What you are asked to do => Set down exactly the lines below between the line holding "Samsung mulling over" and the line holding "Turquoise Blue Glazed", inclusive; no other line belongs in the answer.
------ Data under study ------
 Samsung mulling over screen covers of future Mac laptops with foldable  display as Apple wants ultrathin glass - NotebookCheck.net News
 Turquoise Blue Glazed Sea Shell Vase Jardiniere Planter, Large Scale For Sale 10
------
------ Data under study ------
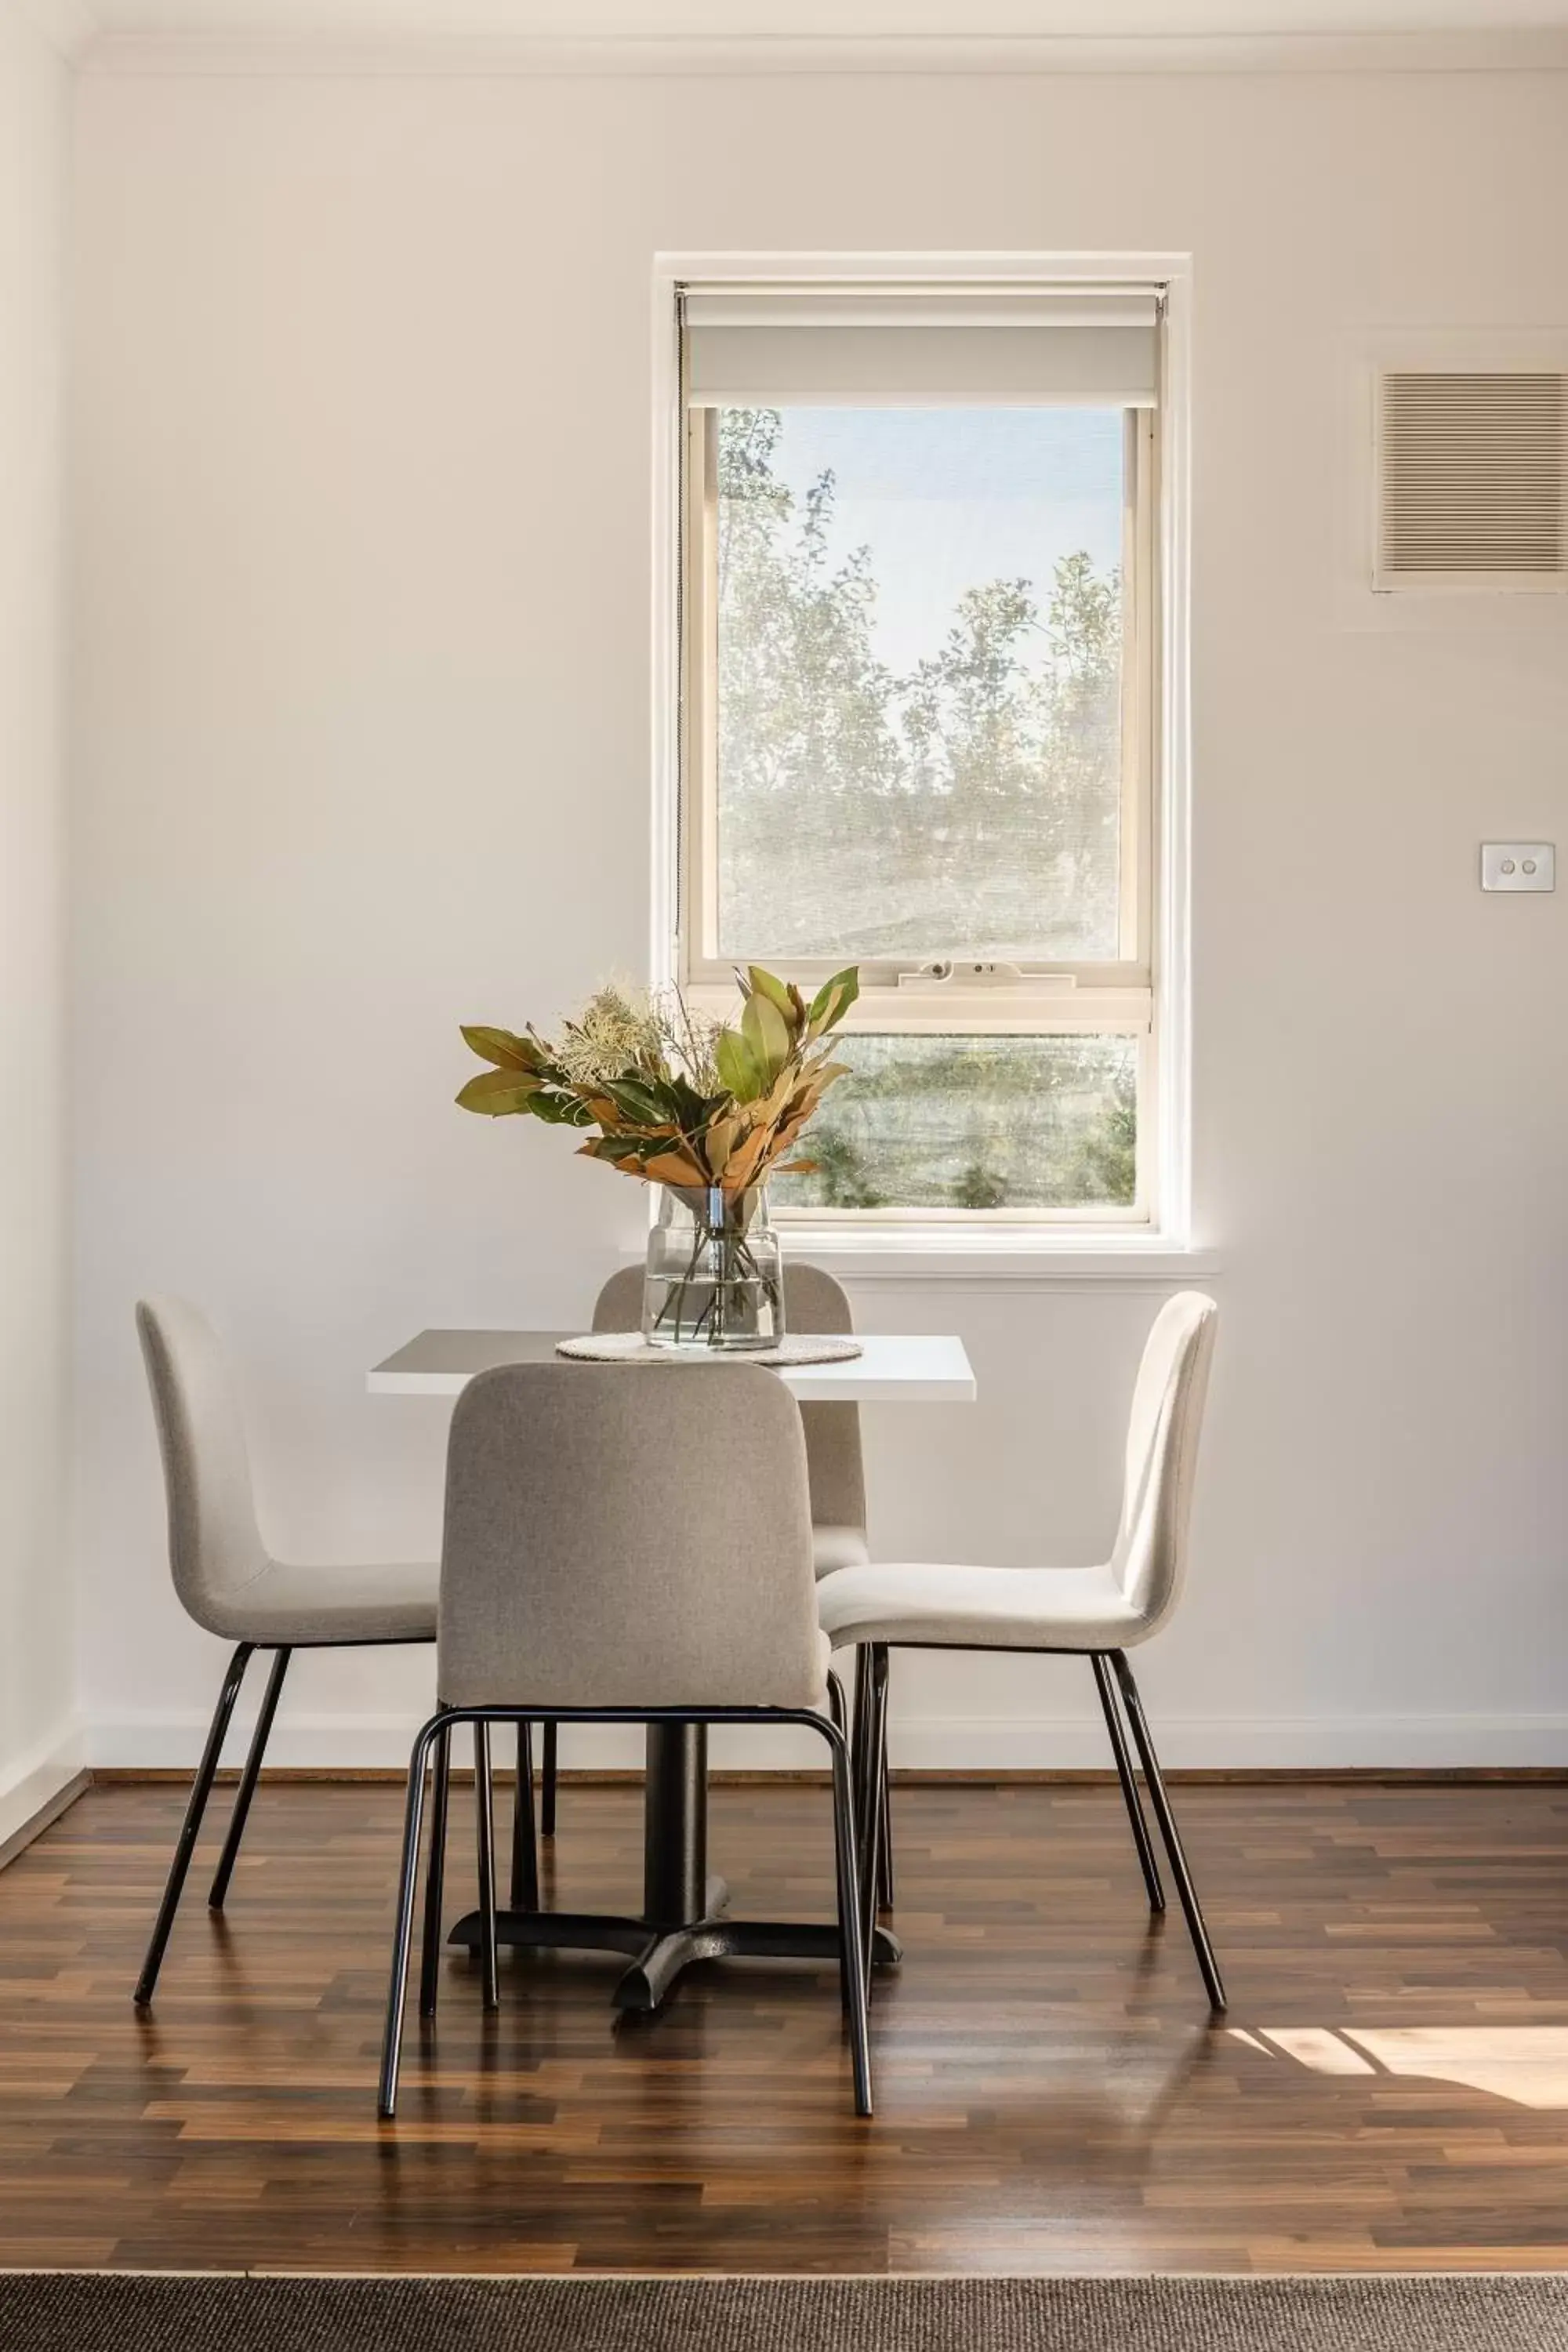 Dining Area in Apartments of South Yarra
------
Expected answer =>
 Samsung mulling over screen covers of future Mac laptops with foldable  display as Apple wants ultrathin glass - NotebookCheck.net News
 Turquoise Blue Glazed Sea Shell Vase Jardiniere Planter, Large Scale For Sale 10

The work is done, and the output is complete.